Composers Billy Childs, Charles Floyd, Mischa Zupko (left to right)

Two years ago, the Grant Park Music Festival hired three composers to celebrate Chicago's musical legacy. And then the world went into lockdown. Due to the pandemic, those 2020 concerts never happened, but the compositions did. Now a full ten-week series is on the horizon, and the Festival is circling back to recover some things from a lost year.

On January 11, 2022, the Grant Park Music Festival announced its lineup for the summer series. As usual, the popular Festival offers classical favorites while re-establishing itself as a champion of the underrepresented. A longtime proponent of American composers, the series in more recent years has highlighted works by women and people of color—all in the interest of serving and representing the Chicago community. In some cases, the new season settles some old scores (pun intended).

In the months leading up to that fateful year 2020, the City of Chicago was preparing a celebration honoring one of its greatest legacies. Designated "The Year of Chicago Music," the City planned to offer a vast lineup of special events and activities. Doing its part, the Grant Park Music Festival enlisted Grammy-winning jazz musician Billy Childs to write a violin concerto for Chicago's own Rachel Barton Pine. Marking the city's legacy as the birthplace of gospel music, the Festival commissioned orchestral charts from composer Charles Floyd, and a new choral piece by local composer Mischa Zupko. 

With the outbreak of Covid-19, none of those performances took place.Violinist Christian Tetzlaff But today they are back on the schedule along with other highlights from the 2020 season, including appearances by Christian Tetzlaff, Simone Lamsma, and Andreas Haefliger; as well as the choral work We Are Shadows by the contemporary British composer Judith Weir on June 17 and 18.

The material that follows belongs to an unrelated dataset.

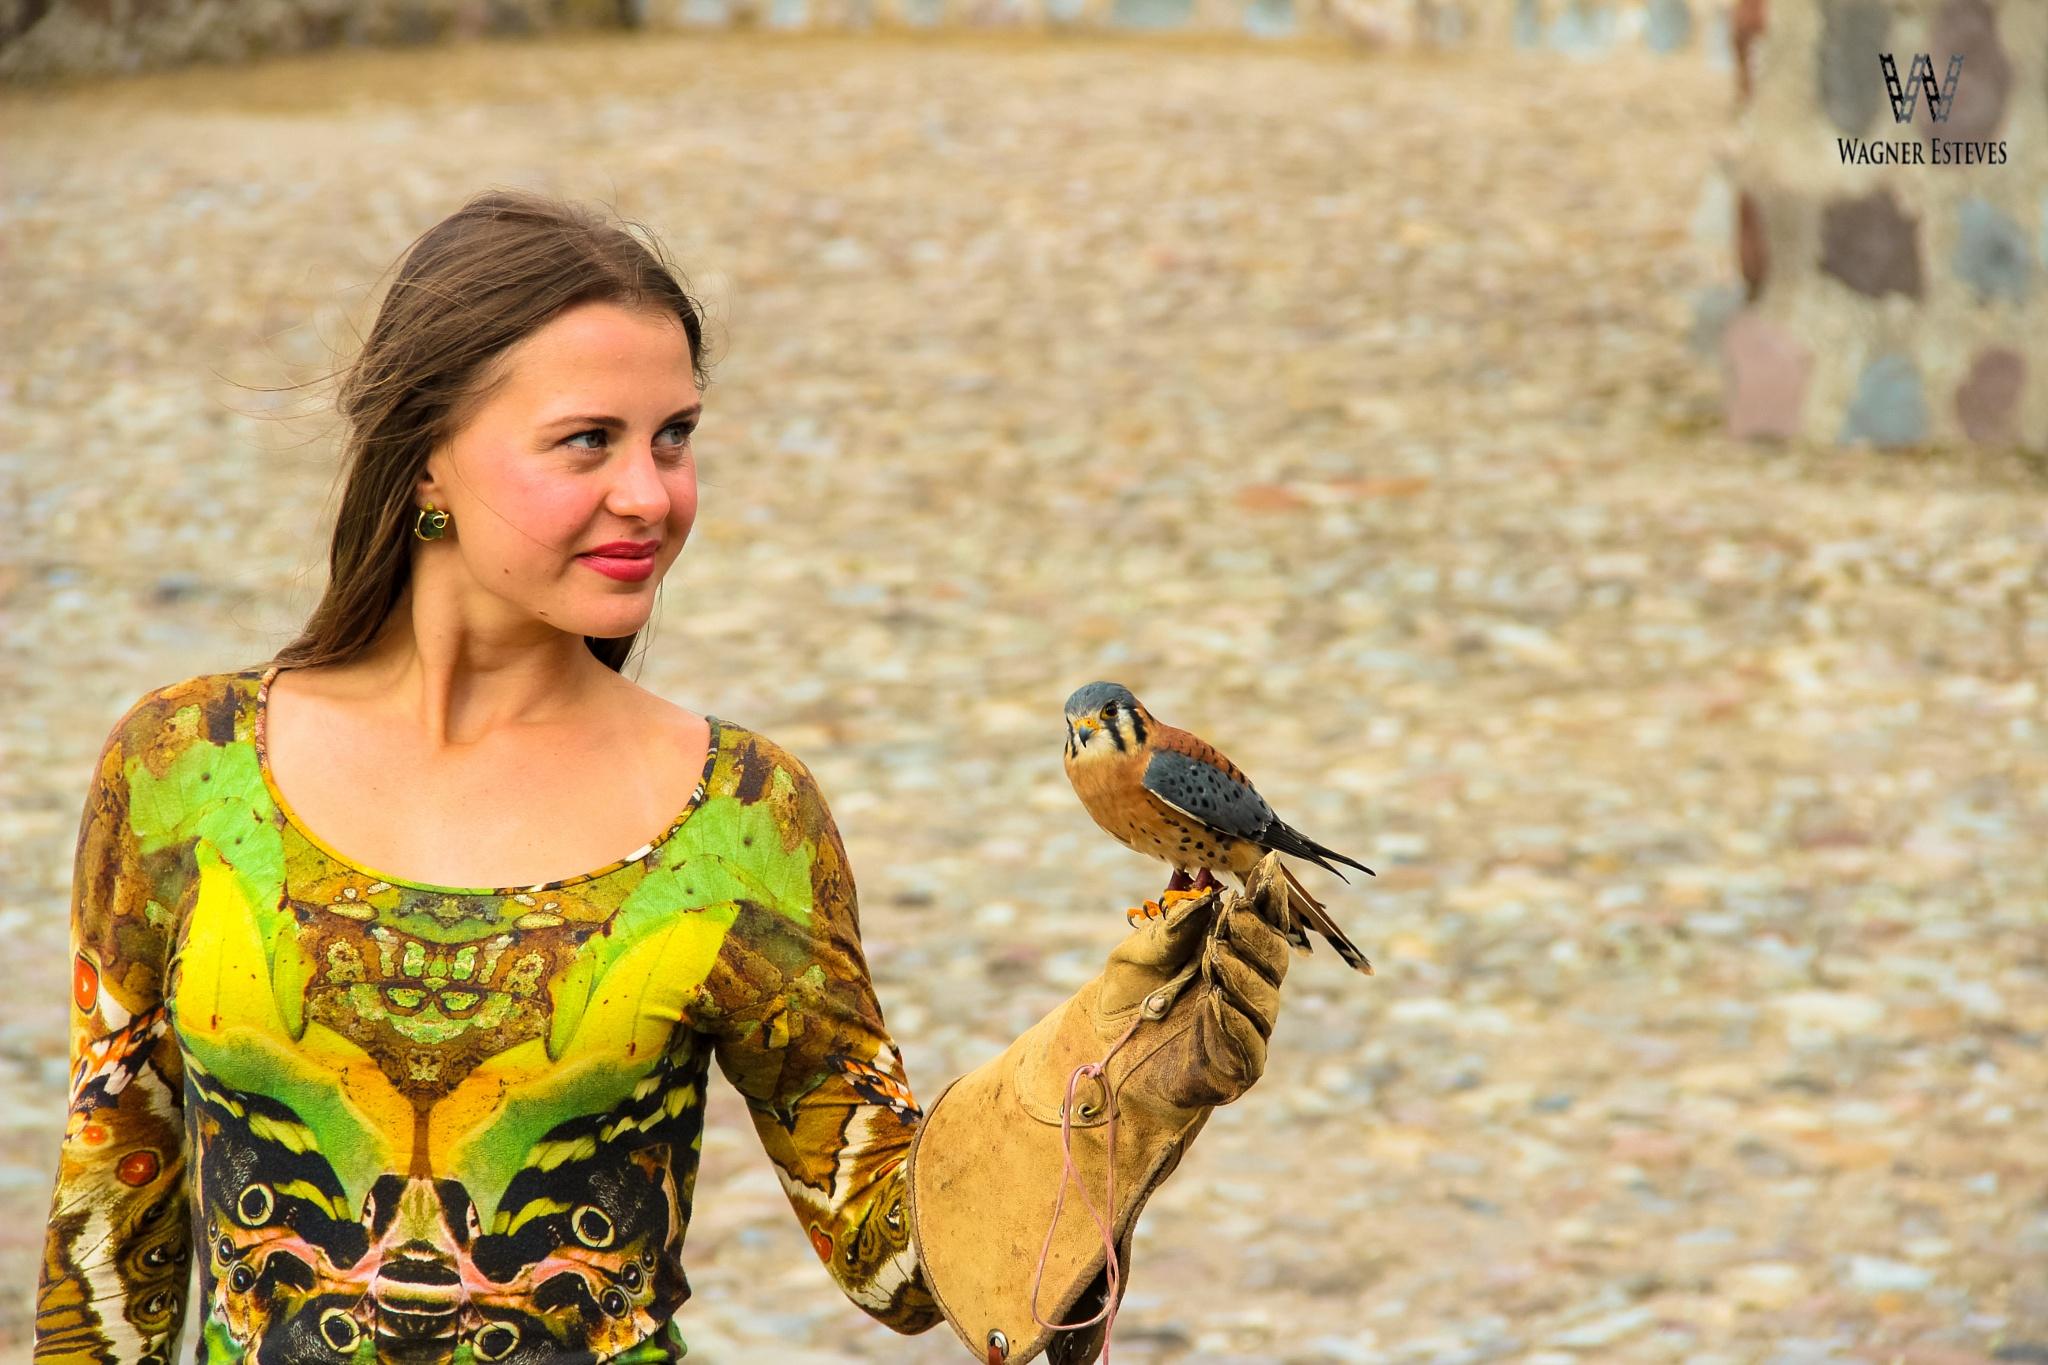 Aves de Rapina by Wagner Esteves

Mischa Zupko's Blue Matter, a Grant Park Music Festival commission, grows directly out of the celebration for which it was written: the Year of Chicago Music. 

"This rich and varied culture was born in large part from music brought by African-Americans during the Great Migration," said Zupko, "notably early forms of traditional jazz and the blues. The first two movements of Blue Matter . . . pay homage to these important genres. 

"The text for this work was originally inspired by a poem titled “Ray” by the brilliant Natalie Richardson, former student poet laureate representing the Midwest in 2012-13," said the composer. "In this poem, we are confronted by the necessity and the deepest spiritual essence of the blues through the lens of Ray Charles; 'I was born into blues, but I’ll be….some days, it just ain’t enough.'"

Written for the Grant Park Orchestra and Chorus, Blue Matter incorporates the spoken word and features Richardson as narrator. True to life for many Chicagoans, Zupko's piece hops from the club scene to house parties. 

"The work lives in a three-movement structure, each movement celebrating an important musical genre cultivated in Chicago. The movements are 'The Music Knows,' 'Ray' and 'Ode to Hip Hop,'" said the composer. To complete the piece, he commissioned additional poetry from Richardson, with hip-hop representing contemporary culture.

"Hip Hop is 'wherever there are black girls' and 'wherever the bucket boys drum,'" said the composer, quoting from Richardson's poems. "Hip Hop is more than music; It is Black culture in all its manifestations and 'an ode to the not-yet-freed.'"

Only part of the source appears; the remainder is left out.